SUPPLIED DATA Block Start
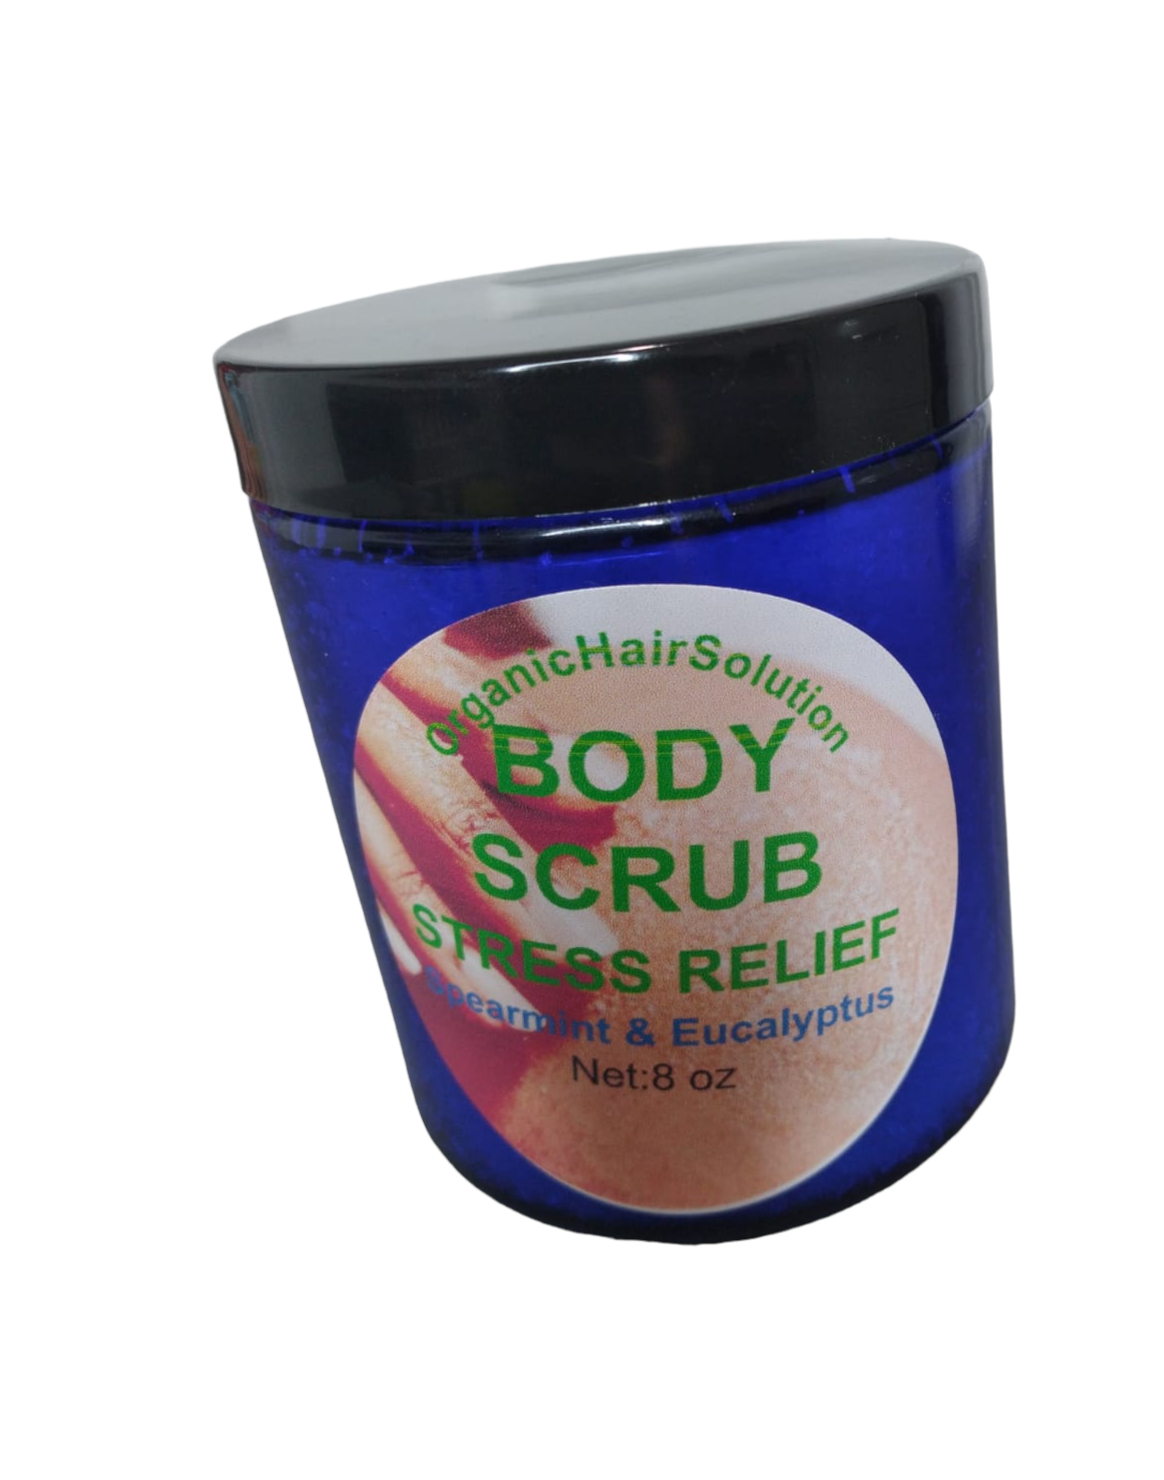 BODY SCRUB-Stress Relief with Eucalyptus & Spearmint - Organic Hair Solution, LLC
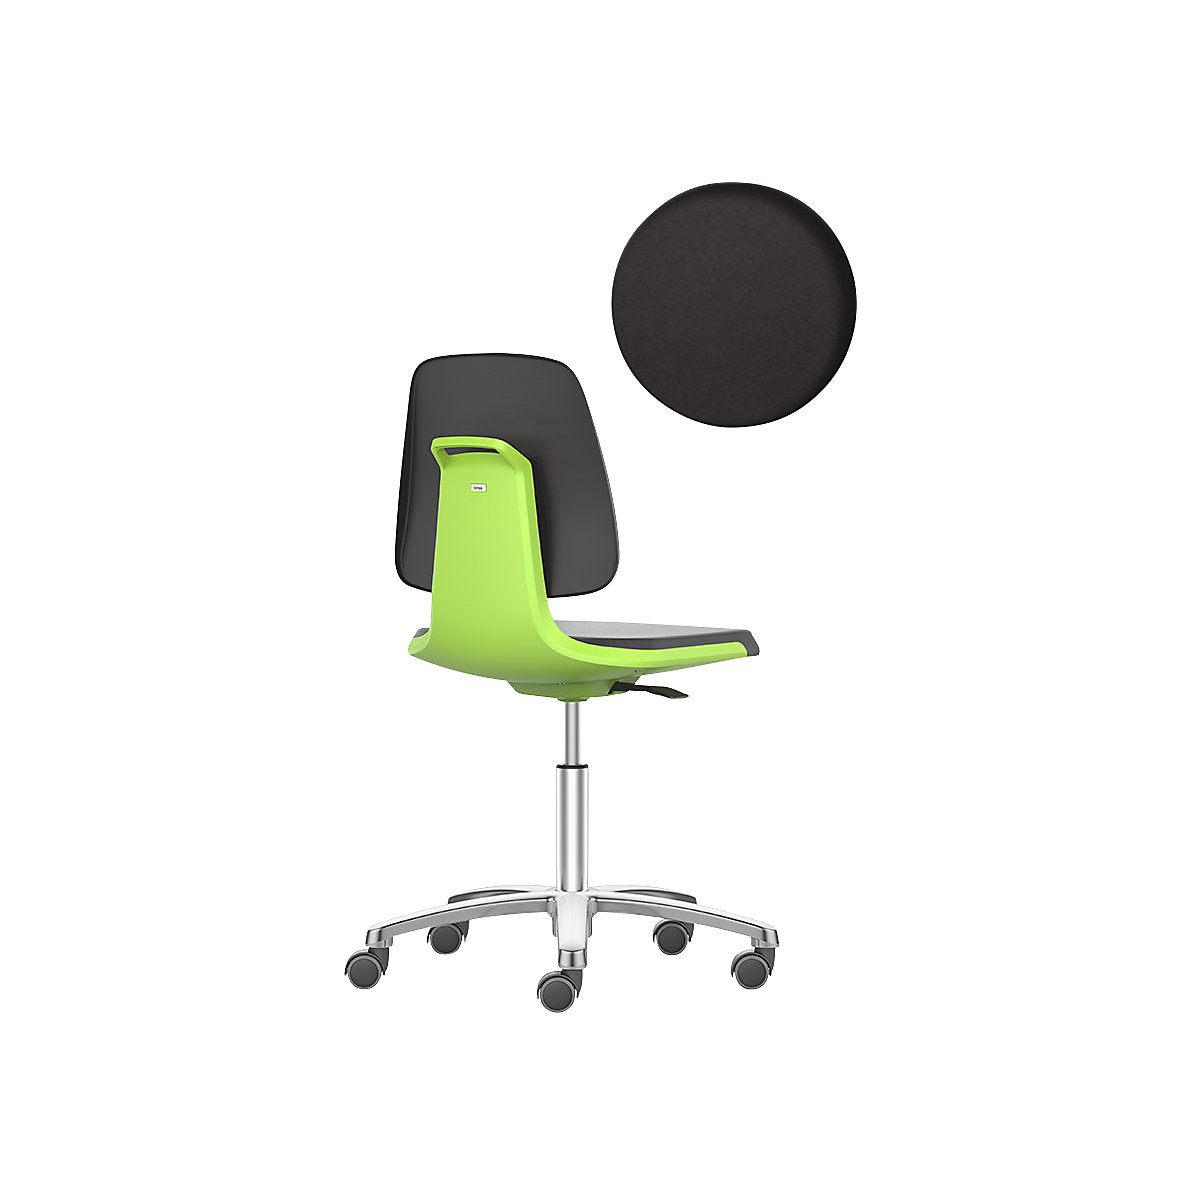 LABSIT industrial swivel chair – bimos, five-star base with castors, PU foam seat, green-21
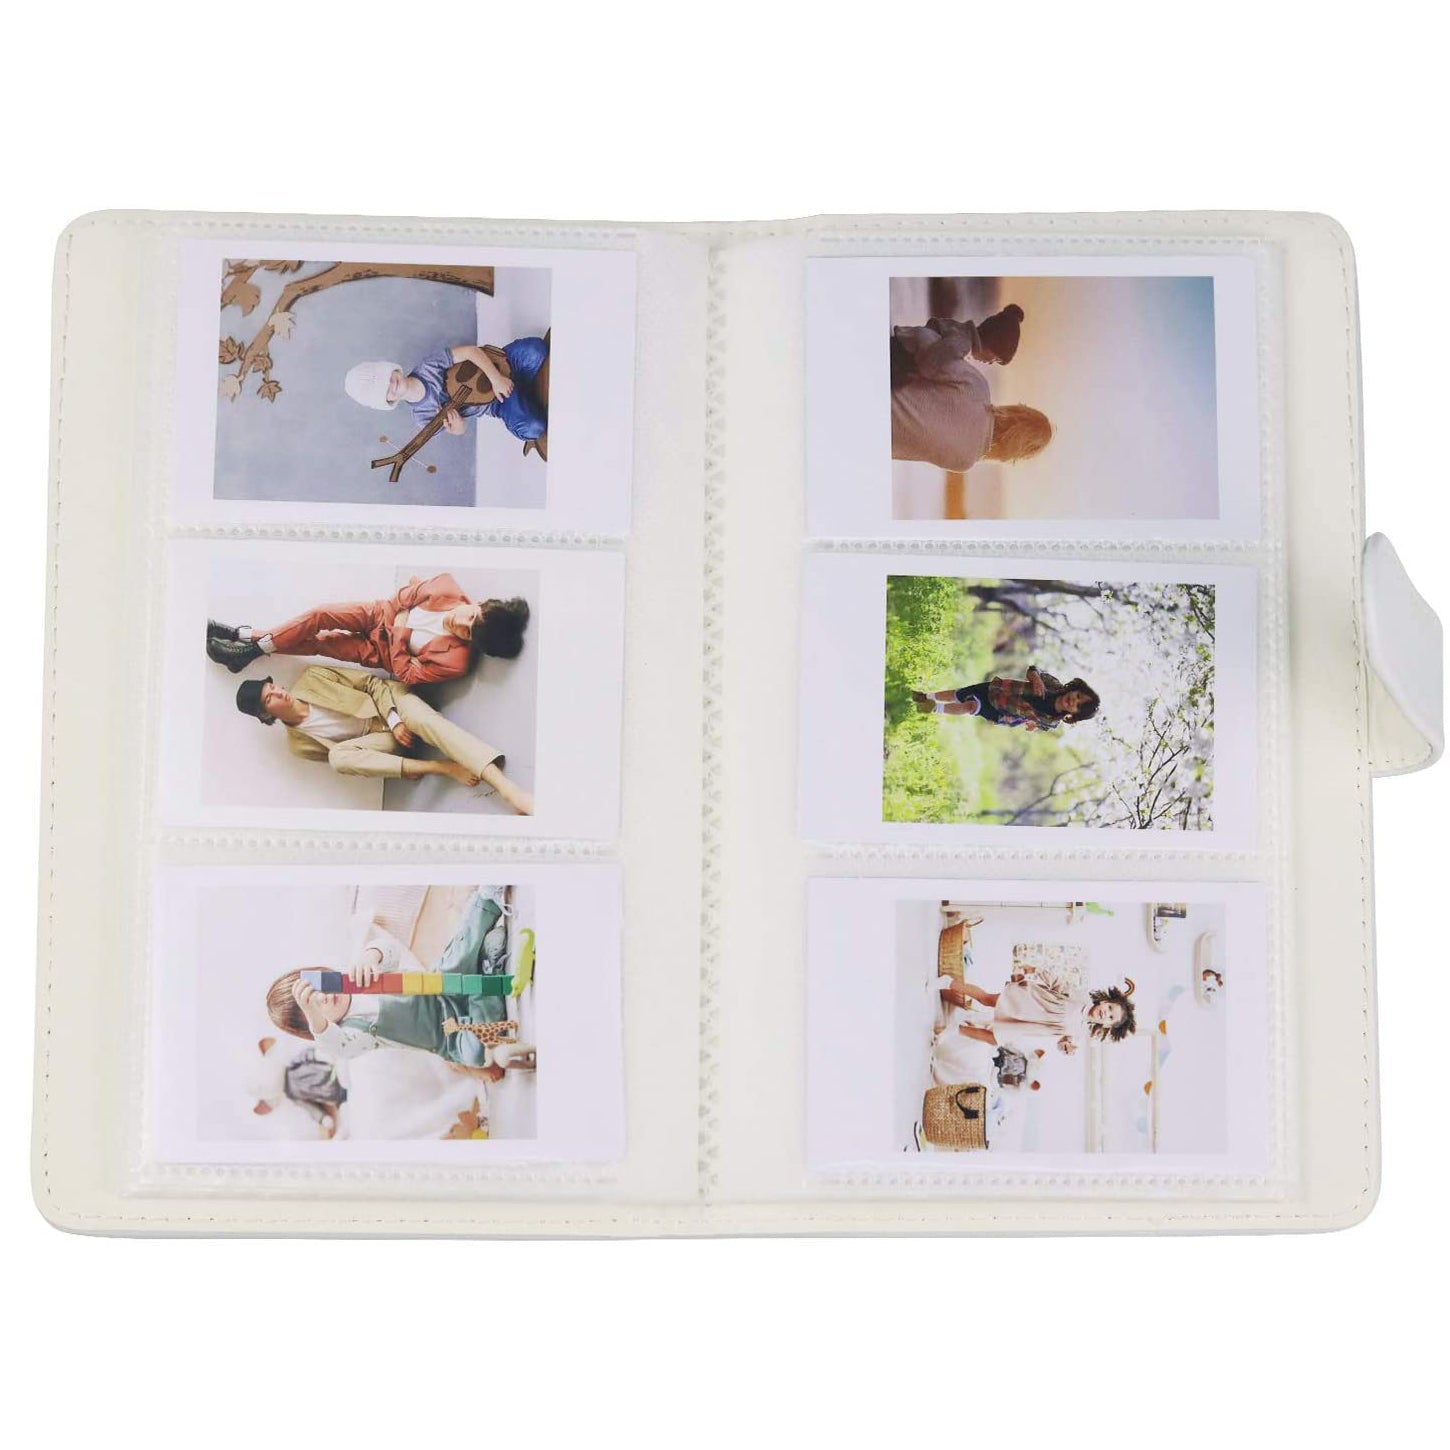 Fujifilm Instax Mini 10X1 candy pop Instant Film with 96-sheet Album for mini film (lce white)
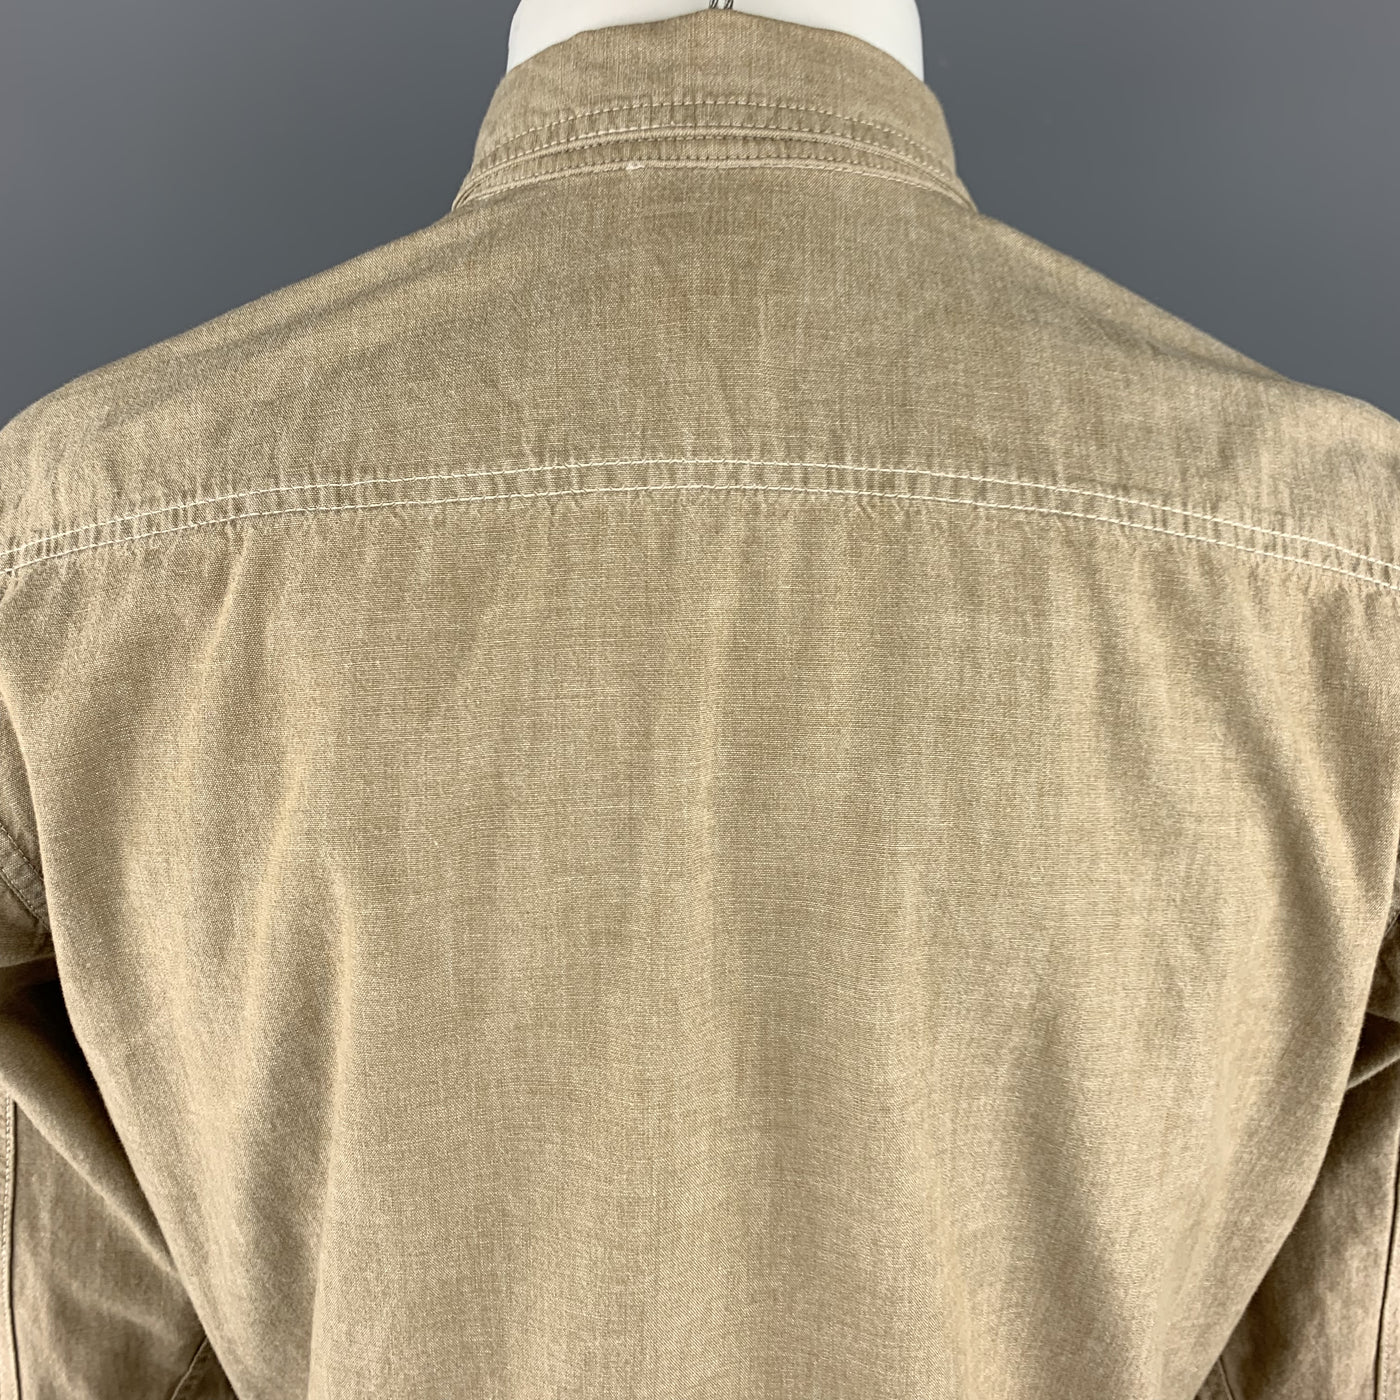 STEVEN ALAN Size M Khaki Solid Cotton Popover Long Sleeve Shirt
SUPPLIED DATA Block End
__YOUR INSTRUCTIONS__
For this copy, leave pictures out and reproduce the lines from the one bearing "Fujifilm Instax Mini" through the final line of the listing above, both ends included.

__SOLUTION TO THIS PROBLEM__
 Fujifilm Instax Mini 10X1 candy pop Instant Film with 96-sheet Album for mini film (lce white)
 STEVEN ALAN Size M Khaki Solid Cotton Popover Long Sleeve Shirt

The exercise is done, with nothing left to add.